The latest Tory to take up the language of localism and direct democracy is Mayoral candidate Andrew Boff. In an article in this week’s New Statesman he sets out his central proposals:

"Londoners will have the right to draw up their own policies and have them voted on by fellow Londoners. On raising a petition of a proportion (10% to 30%) of voters any proposal within the remit of the Mayor would be put to Londoners at the next ordinary election. The result would be binding on me.

Communities who think that their Boroughs are too large and remote will also have my support in drafting proposals to break them into smaller, more accountable units."

The fact that Boff stands little chance of winning the candidacy against Boris Johnson matters less than the continued trend towards Tories thinking in radical terms.

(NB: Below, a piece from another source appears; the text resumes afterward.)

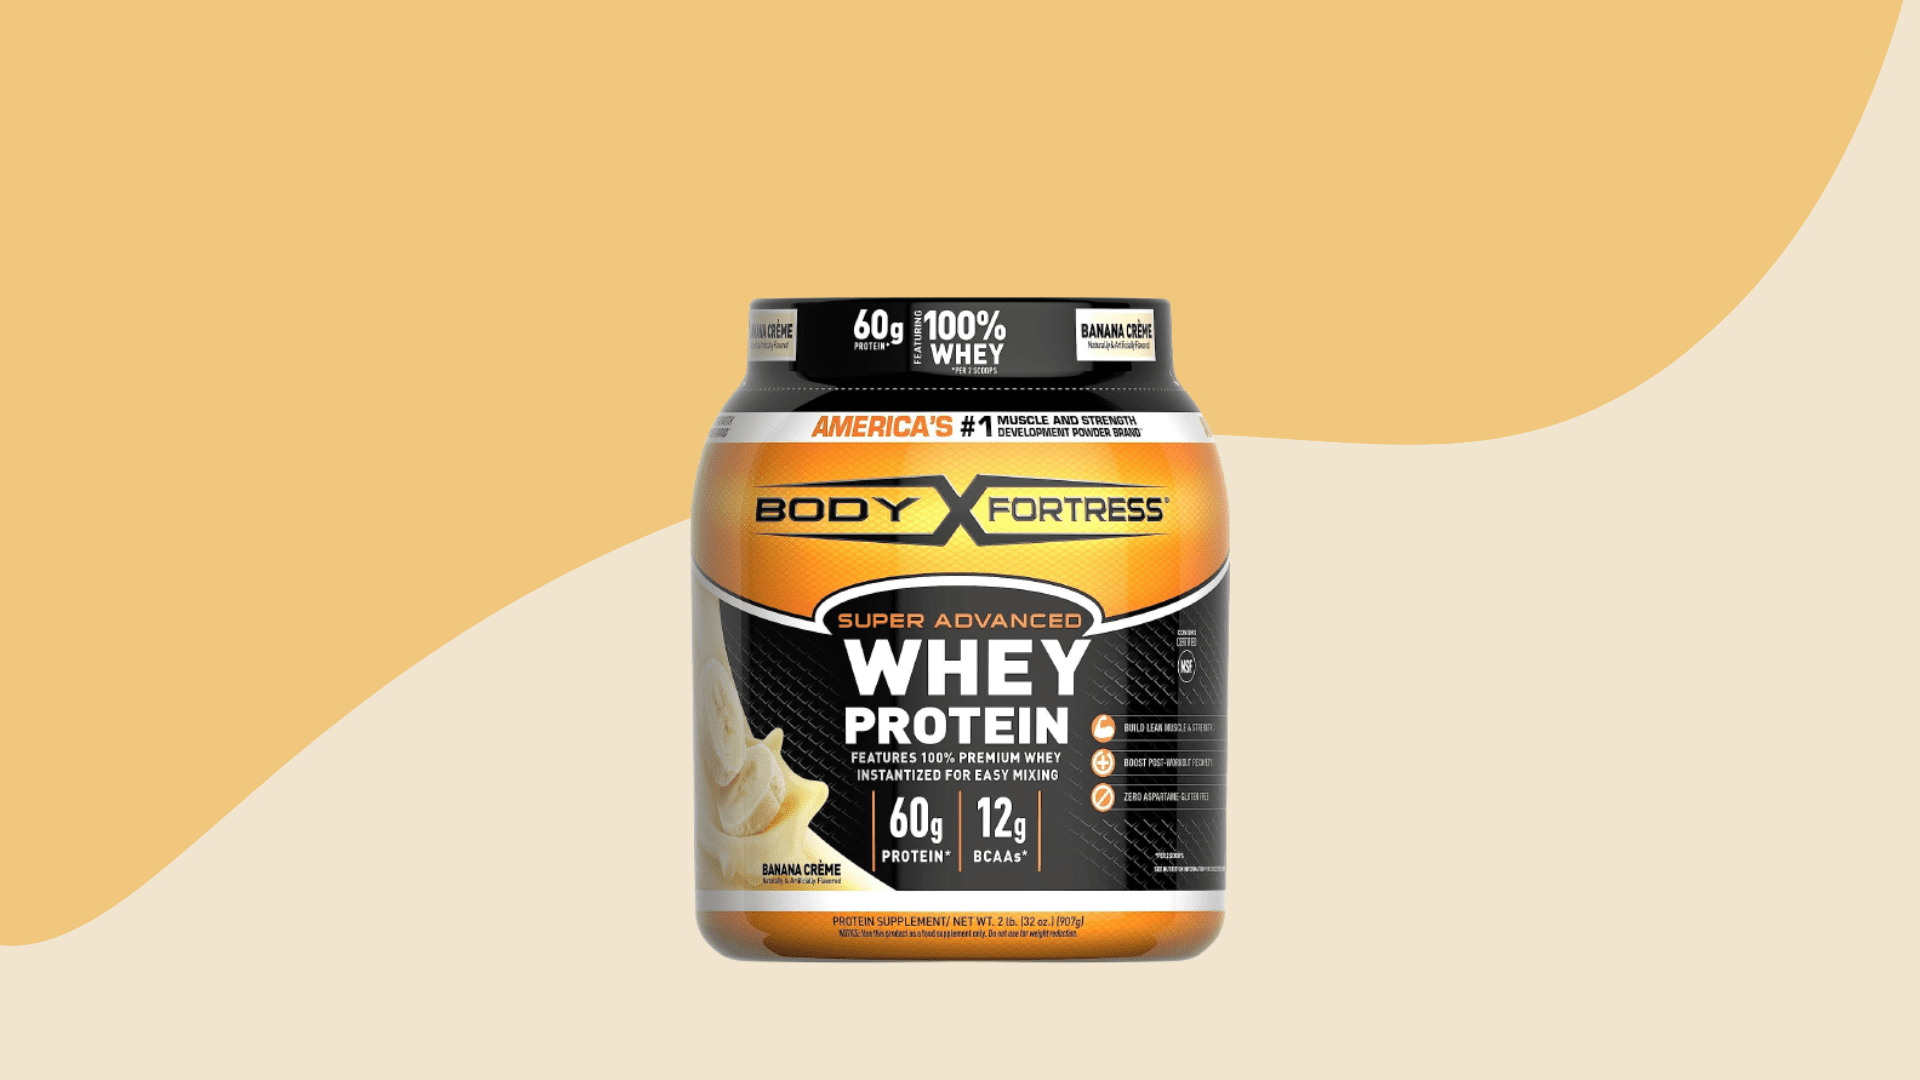 Body Fortress Whey Protein Supplement in Center

Indeed the very process by which the Tory candidate will be chosen represents something new, with every Londoner being given a vote on who runs.

On his website Boff identifies this trend as part of a shift in the polarities of modern politics. “The old divisions of left and right are melting away”, he claims, “the arguments that matter now are between centraliser and localist, well meaning autocrats and disenfranchised communities, the state and the governed.”

Just clever rhetoric? If that’s your view it’s worth reading Tony Curzon Price’s comment in response to Mike Small’s dismissive take on Zac’s interview. He argues that "the Conservatives need a new radicalism which Brown will fear to emulate but whose legitimacy will be plain to the centrist voter. Radical decentralisation, with its promise of the preservation of localism and hence its basic compatibility with grass-roots Conservatism, is the only contender.”

There is a definite direction in which the Tories are heading. What do people think? Is it a sign of desperation lacking in real credibility, or is it a genuine search for new sources of legitimacy and part of a fundamental realignment in British politics?